The major limitation of our study is the small sample size, due to which it is underpowered to detect minor differences between the treatment groups. The study cohort may reflect the learning curve of robot operations in a single center. However, the operative outcome is comprehensively assessed by predetermined methods. The study was done using hospital perspective, i.e., not including costs and benefits for the other sectors in society. In the analysis the use of other health and social care and productivity costs between the groups were the same. It means that the societal cost-effectiveness ratio that is often used in Finland would have been very similar.
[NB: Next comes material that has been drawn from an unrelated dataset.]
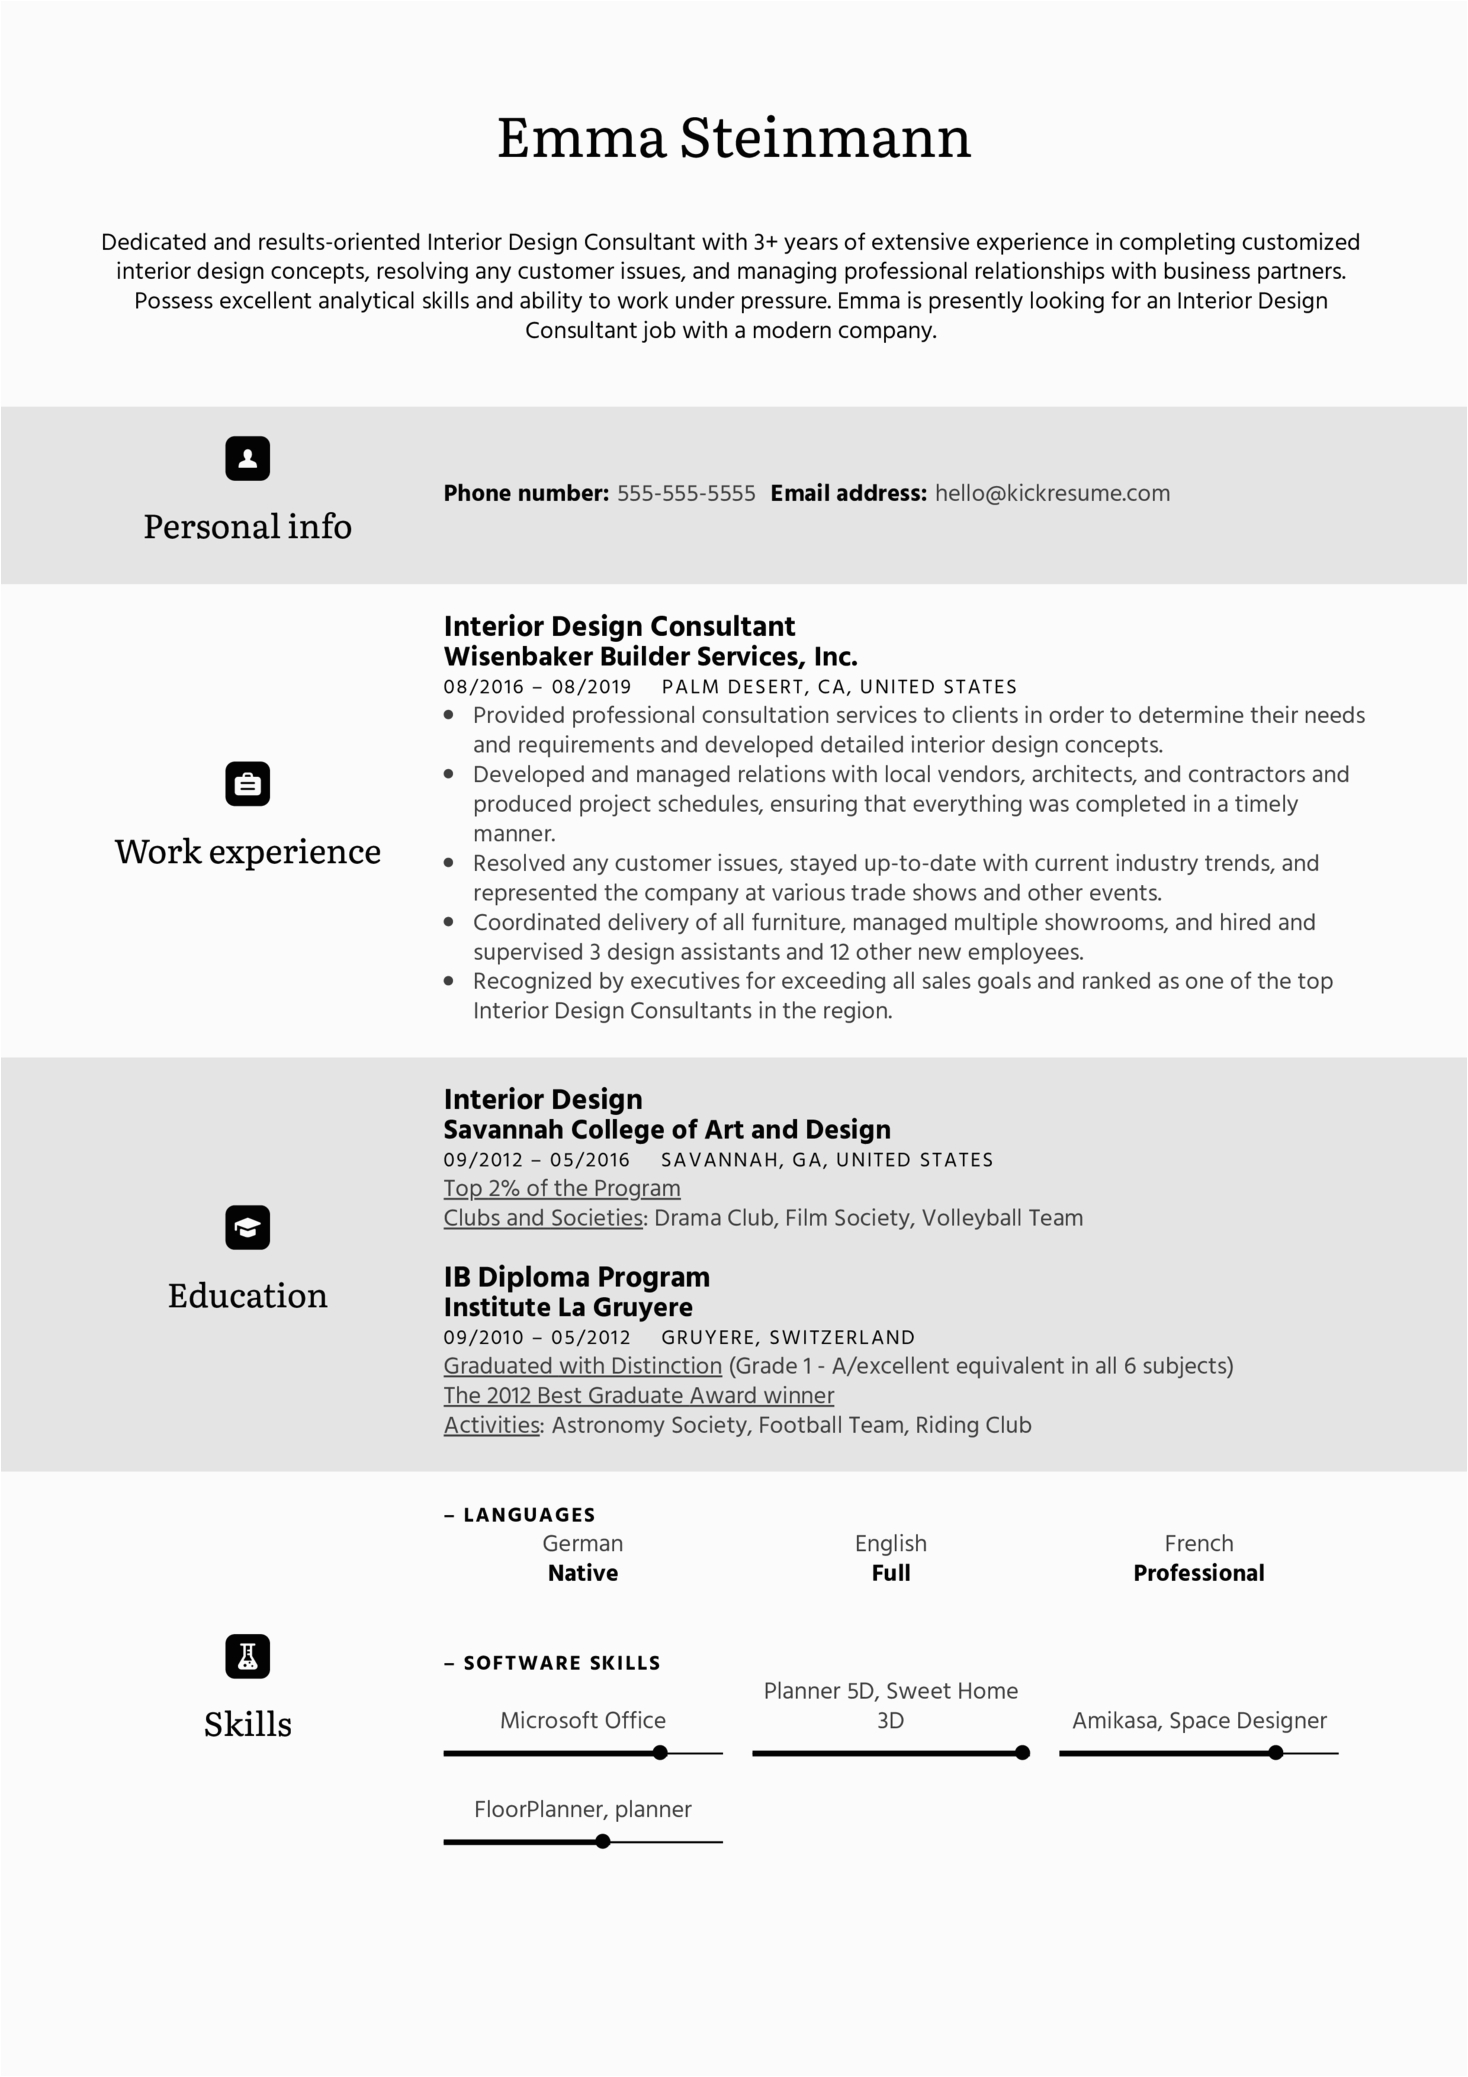 Sample Resume for Interior Design Consultant Interior Design Consultant Resume Sample

The strength of this randomized study was the comprehensive evaluation of pelvic floor dysfunction in 2-year follow-up thus providing data on clinical performance of RVMR vs. LVMR and possible explanations to the HRQoL results effecting QALY. Because there was no postoperative imaging we could not rule out the possible residual IRP, which could explain symptom recurrence [37].

Conclusions

Robot-assisted ventral mesh rectopexy is more expensive than LVMR in the short-term, but incremental cost-effectiveness of RVMR may be acceptable at 2 and 5 years, suggesting this technique may offer value for money. The impact of RVMR and LVMR on long-term generic HRQoL is minor, despite symptomatic improvement. The reinforcement of the rectovaginal septum is similar in both techniques. More studies on this subject with larger cohorts with reasonable follow-up time are needed.